Let $A$ be a $C^*$-algebra which is not $W^*$ (i.e. it has no predual Banach space). Is it possible that there exists a Banach space $X$ such that $X^{**}=A^*?$ This is the next best thing and, as shown by David Gao, this would correspond to a minimal closed, weakly$^*$-dense subspace of $A^*.$ As of right now, it is not clear whether a minimal closed, weakly$^*$-dense subspace exists for any such $A$ so this is of great interest to me.
For example, if $A=c_0,$ then it has no predual.

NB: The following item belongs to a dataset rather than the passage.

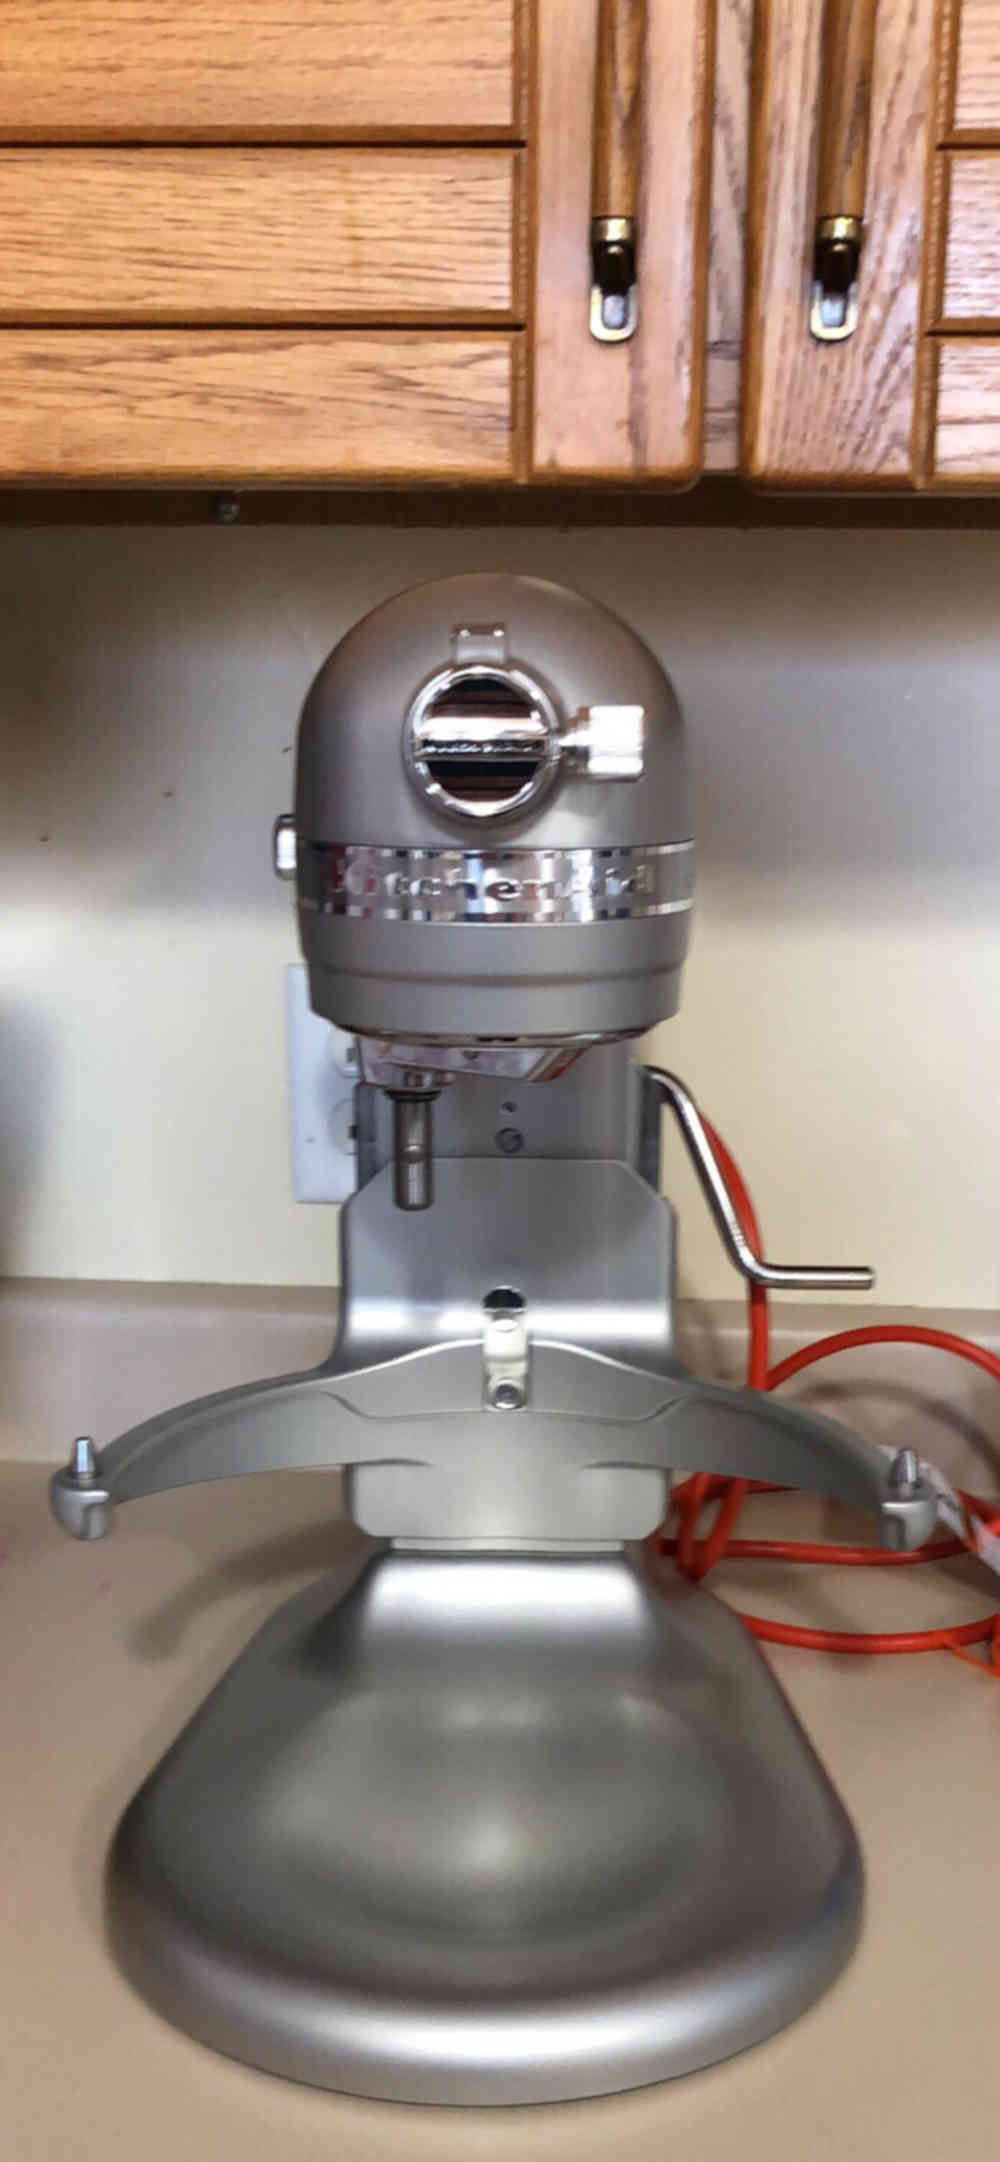 KitchenAid Commmercial 8qt Mixer KSM8990 - Prep Equipment - Pizza Making  Forum

Moreover, $\ell^1=c_0^*$ has no bipredual, by Onur Oktay. One example I would be very interested in is $A=K(H)$ for separable $H.$ Then is $A^*=L^1(H)$ the bidual of some Banach $X?$
Update: If $A^*=X^{**},$ then $A^{**}=X^{***}$ is a W$^*$-algebra which is the third dual of a Banach space. The article Onur provided shows that, in this case, $X$ is the predual of a W$^*$-algebra. Thus, there exists some W$^*$-algebra $B$ s.t. $B=X^*,$ so $B^*=A^*,$ but it is then not clear that $B$ is $*$-isomorphic to $A.$
The question can be rephrased (equivalently): Let $A$ be C$^*$, $B$ be W$^*$, and suppose $A^*$ is isometrically isomorphic to $B^*.$ Is it necessary that $A$ is W$^*$? If it helps, you also have that $A^{**}$ and $B^{**}$ are $*$-isomorphic W$^*$'s.
Some ideas: By Sakai, $B^*\cong B_*\oplus B^*_s$, thus $A^*\cong X\oplus B^*_s.$ Therefore, we have that $X$ is complemented in $A^*$.